Re: [PATCH v3 2/2] locking/rwsem: Optimize down_read_trylock()

From: Linus Torvalds
Date: Thu Feb 14 2019 - 12:59:07 EST


On Thu, Feb 14, 2019 at 6:53 AM Waiman Long <longman@xxxxxxxxxx> wrote:
>
> The ARM64 result is what I would have expected given that the change was
> to optimize for the uncontended case. The x86-64 result is kind of an
> anomaly to me, but I haven't bothered to dig into that.

I would say that the ARM result is what I'd expect from something that
scales badly to begin with.

The x86-64 result is the expected one: yes, the cmpxchg is done one
extra time, but it results in fewer cache transitions (the cacheline
never goes into "shared" state), and cache transitions are what
matter.

The cost of re-doing the instruction should be low. The cacheline
ping-pong and the cache coherency messages is what hurts.

So I actually think both are very easily explained.

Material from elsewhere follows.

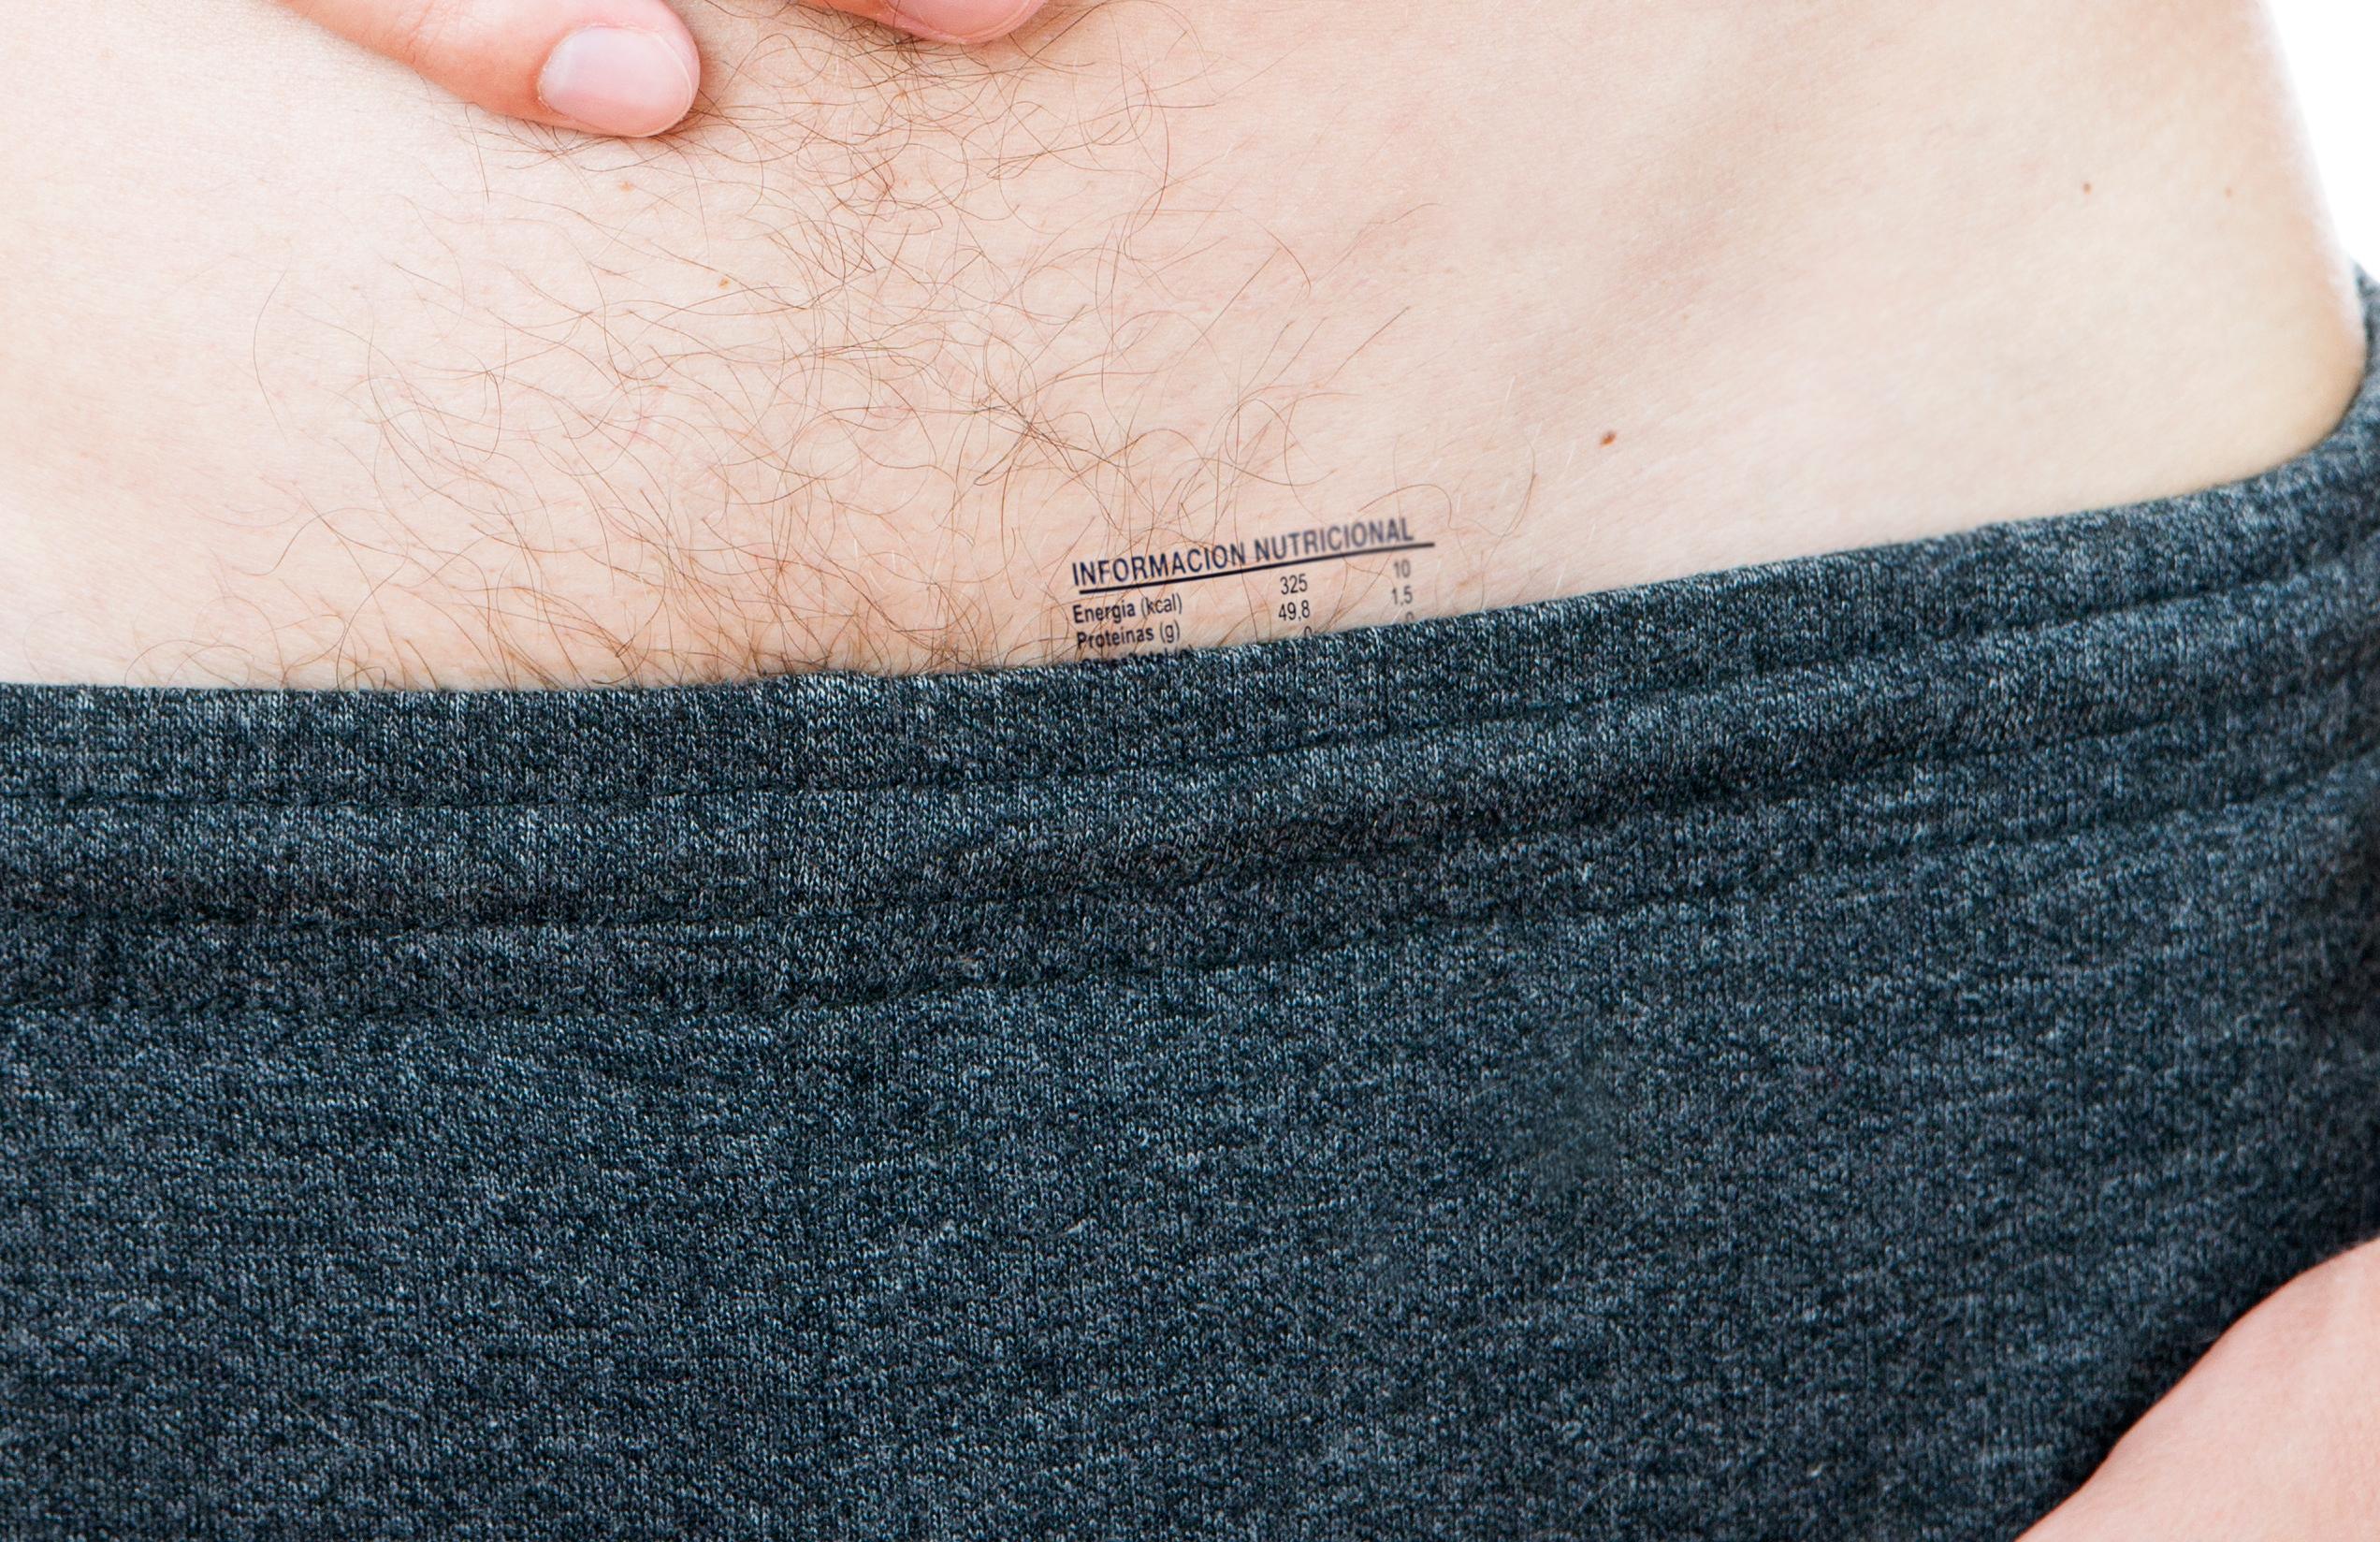 Los genitales deberán incluir una tabla de información nutricional ...

The x86-64 number improves, because there is less cache coherency traffic.

The arm64 numbers scaled horribly even before, and that's because
there is too much ping-pong, and it's probably because there is no
"stickiness" to the cacheline to the core, and thus adding the extra
loop can make the ping-pong issue even worse because now there is more
of it.

The cachelines not sticking at all to a core probably is good for
fairness issues (in particular, sticking *too* much can cause horrible
issues), but it's absolutely horrible if it means that you lose the
cacheline even before you get to complete the second cmpxchg.

Linus